SOURCE DATA
╔══

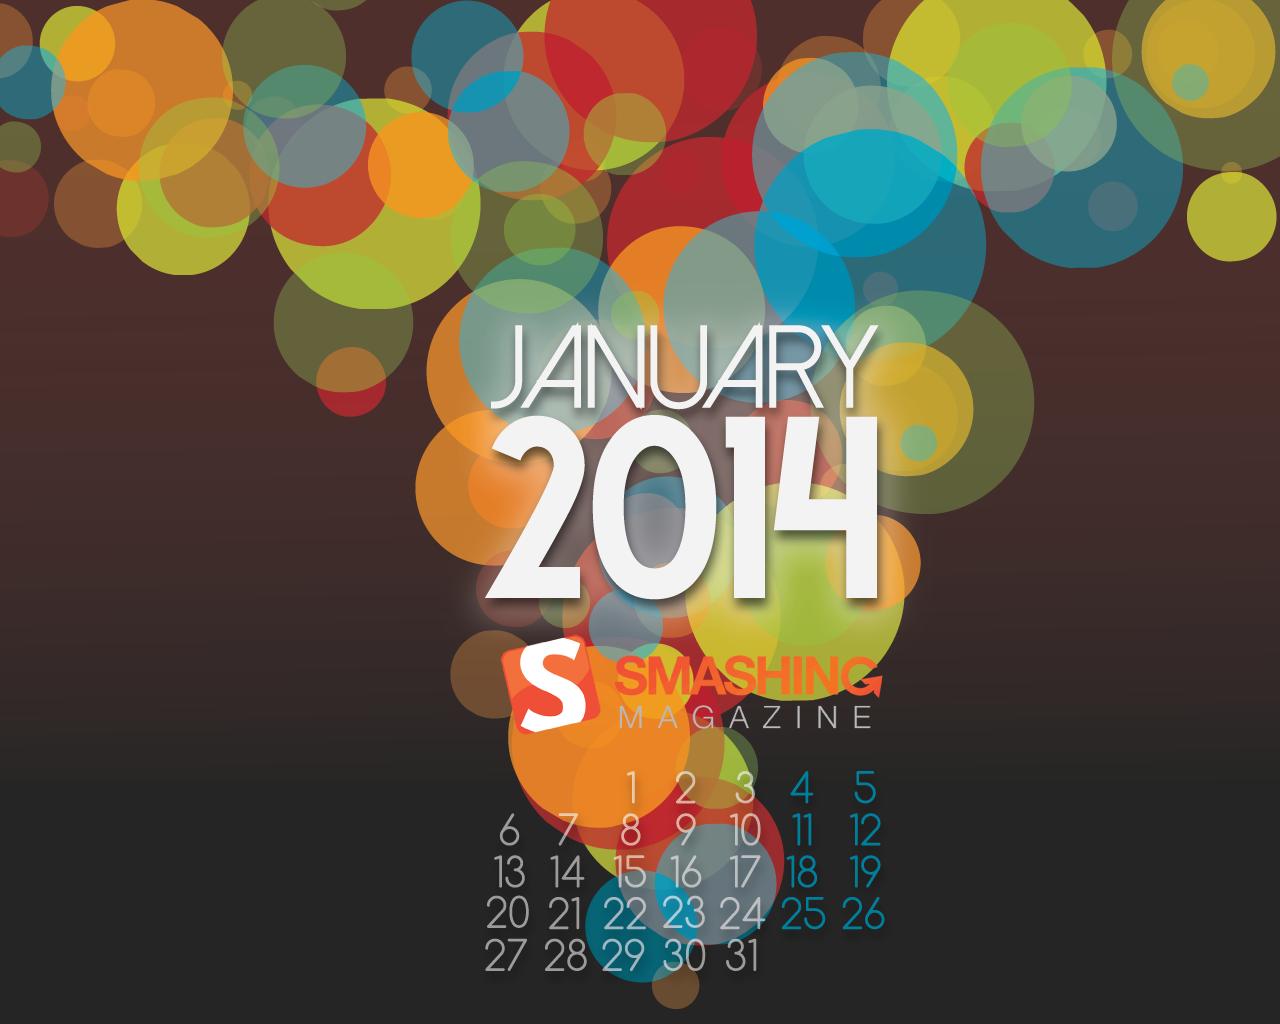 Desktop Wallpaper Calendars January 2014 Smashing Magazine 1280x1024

╚══
╔══

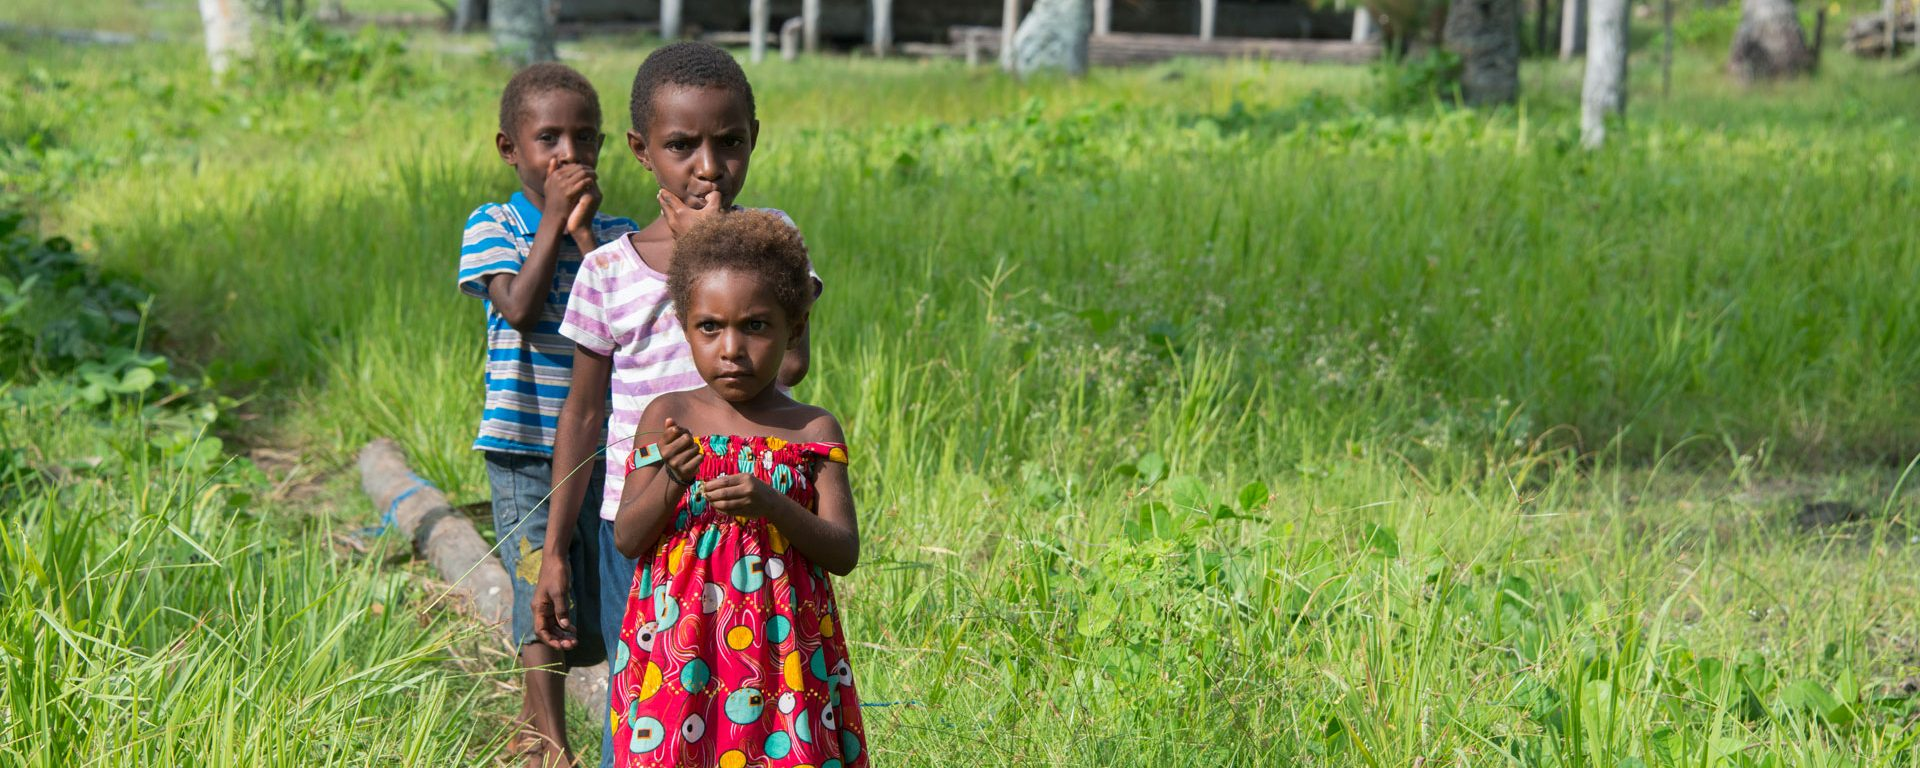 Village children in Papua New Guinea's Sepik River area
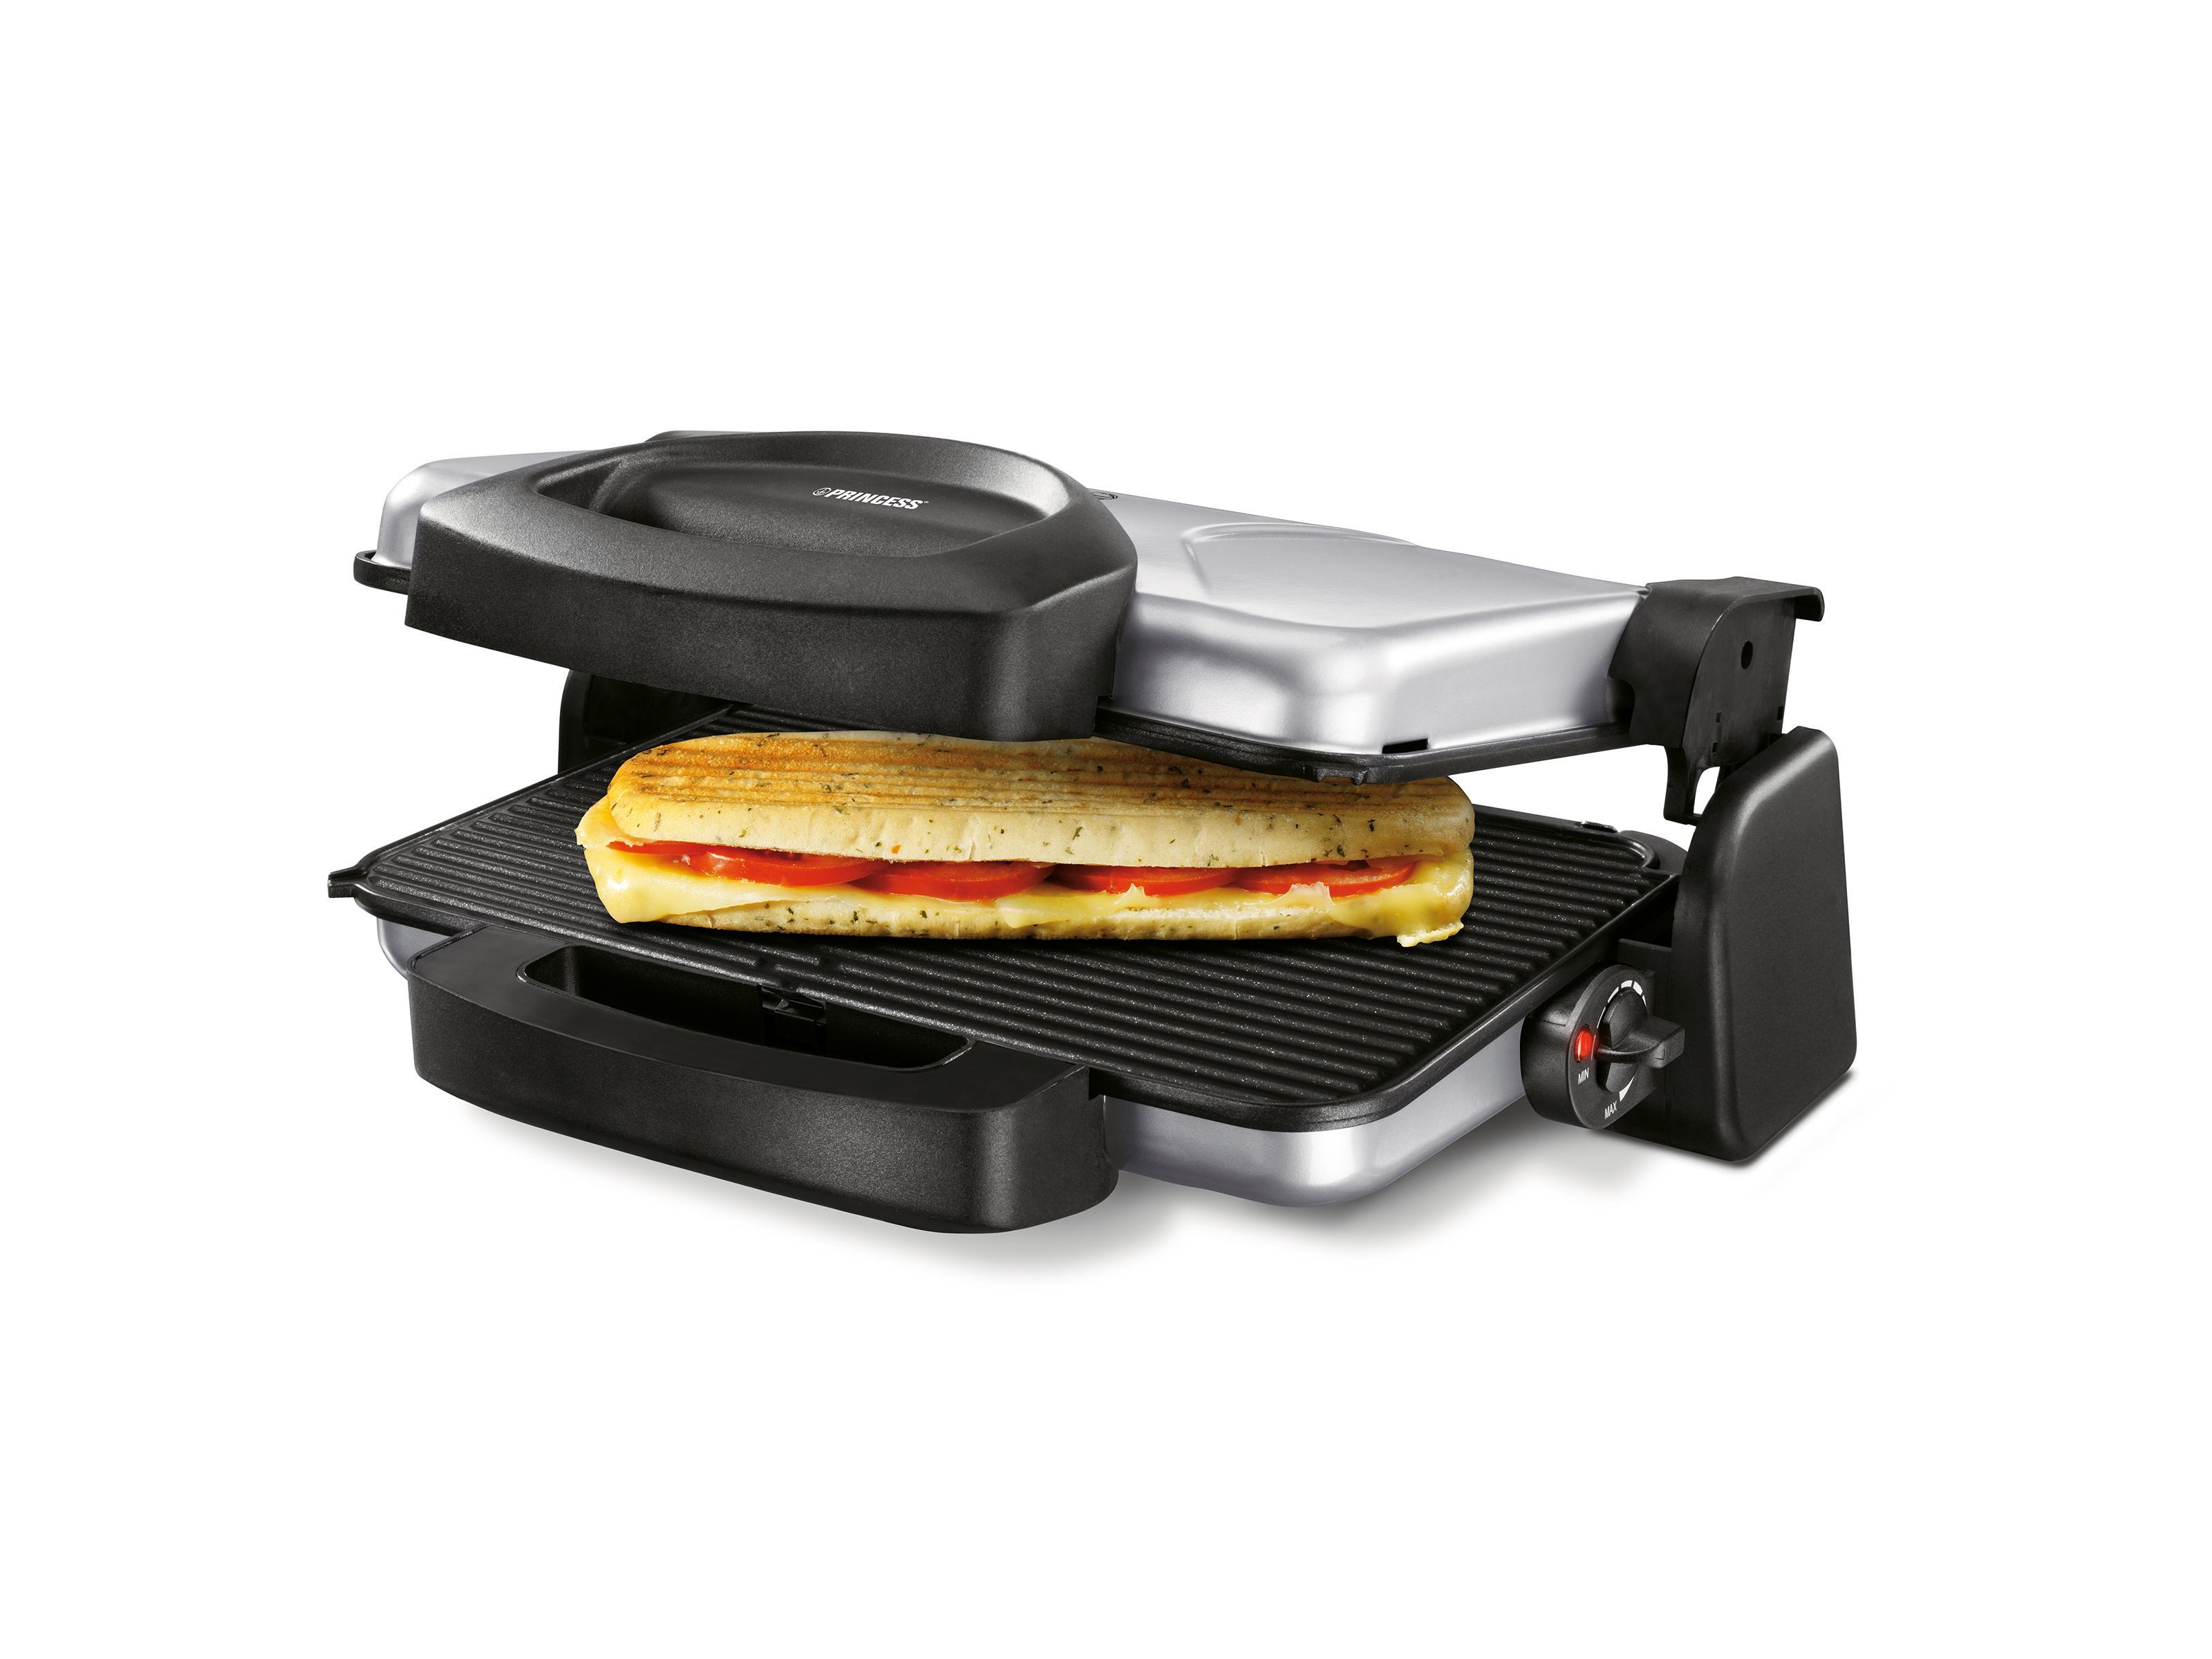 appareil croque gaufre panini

╚══
╔══

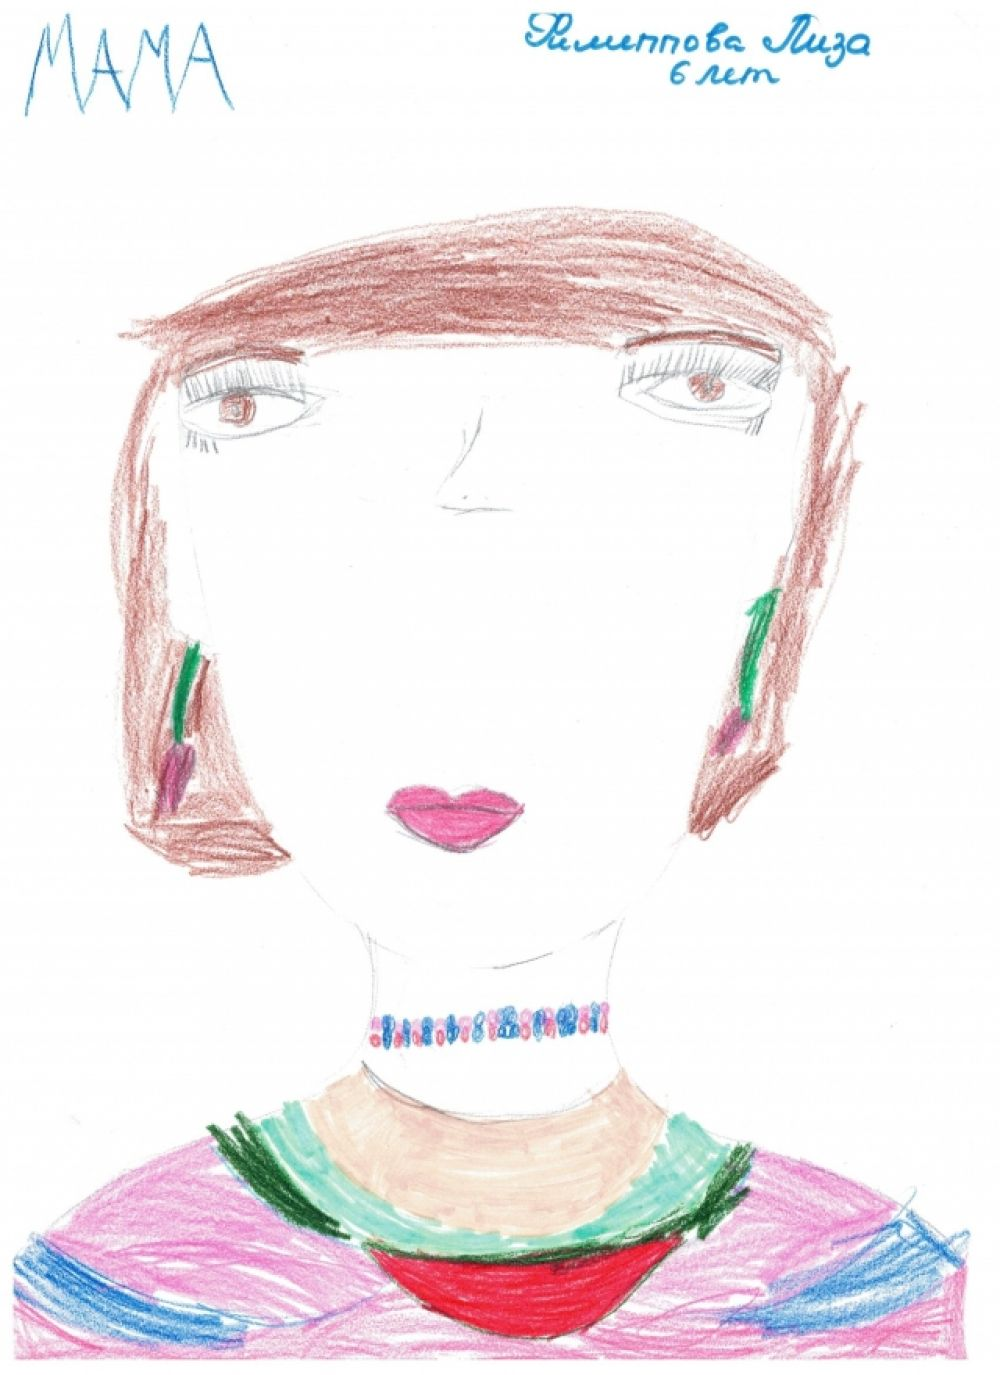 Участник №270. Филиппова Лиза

╚══

TASK TO CARRY OUT
Only one stretch of the material above is wanted: the line containing "Village children in" through the line containing "appareil croque gaufre panini". Restate it word for word, minus the pictures.

YOUR SOLUTION
 Village children in Papua New Guinea's Sepik River area
 appareil croque gaufre panini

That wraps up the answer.